В дверь постучала Рената.
Кессель впустил ее.
— Тебе лучше? — спросила Рената. — Когда я узнала, мне тоже сделалось плохо. У тебя уже все прошло, да?
— Да, — солгал Кессель.
Рената прижалась к Кесселю. Очевидно, это была награда за его любовь к Зайчику: раз ему стало плохо, значит, он волновался за ее судьбу. Вероятно, она сказала себе: вот и он наконец полюбил Зайчика. Какой он все-таки милый!
— Завтра… Завтра вечером они, наверное, уже уедут — мне так кажется. Конечно, уедут…
Рената стояла спиной к двери. Жаба распахнула дверь ванной — пинком, по своему обыкновению, — и ручка двери впилась Ренате в спину, в самое чувствительное место. Рената замахнулась — чисто рефлекторно — и…

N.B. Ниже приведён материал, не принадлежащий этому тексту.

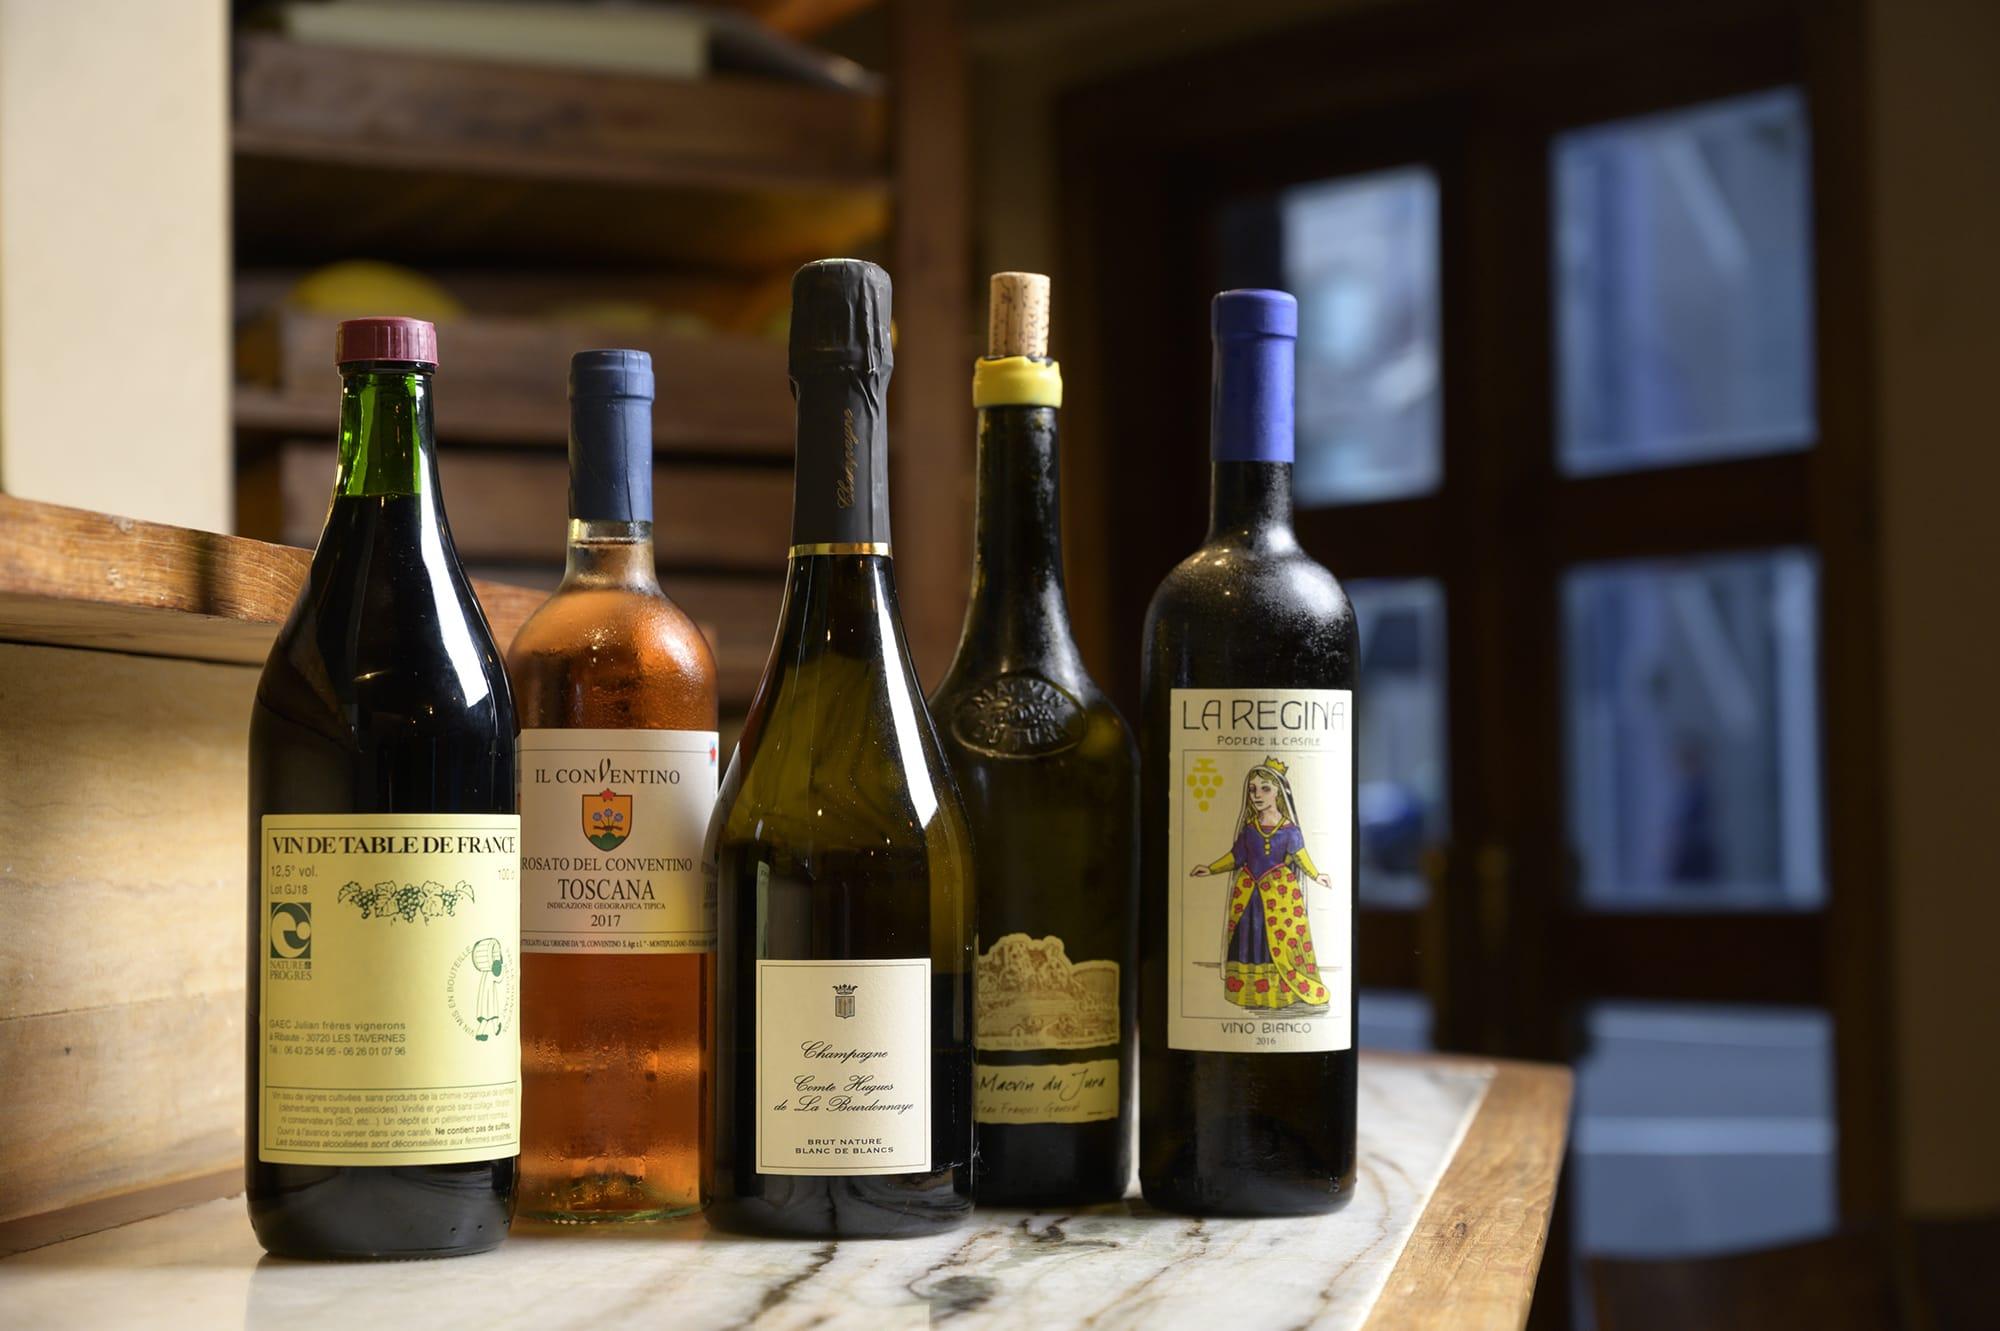 ソムリエでもある夫人の村上みひろのセレクションは、トスカーナやシャンパーニュなど、多彩な産地のビオワイン。

Зайчик подалась назад, но не больше чем на сантиметр; это было не отступление, а только намек на отступление. Прикрыв лицо рукой, она приоткрыла рот, вытянув верхнюю губу, и взглянула на Ренату своими желтушными глазами, будто напоминая: я так переживаю!
Рената опустила руку и молча вышла.
В кухне, слава Богу, никто не спал. Кессель встал в половине девятого и пошел на кухню варить кофе.
Через некоторое время появилась Рената.
— Ты что шумишь?! — осведомилась она громким шепотом.
— Я знаю, зачем бабуле ушные затычки, — сообщил Кессель.
— Как зачем, ведь у нее сон такой чуткий.
— Ничего подобного. Я полагаю, тебе не приходилось спать в одной комнате с дедулей Вюнзе? Вот видишь. А я проспал с ним целую ночь. Никогда бы не подумал, что такой маленький человек может храпеть так громко.
— Она не из-за этого затыкает уши. Все-таки они спят в разных комнатах.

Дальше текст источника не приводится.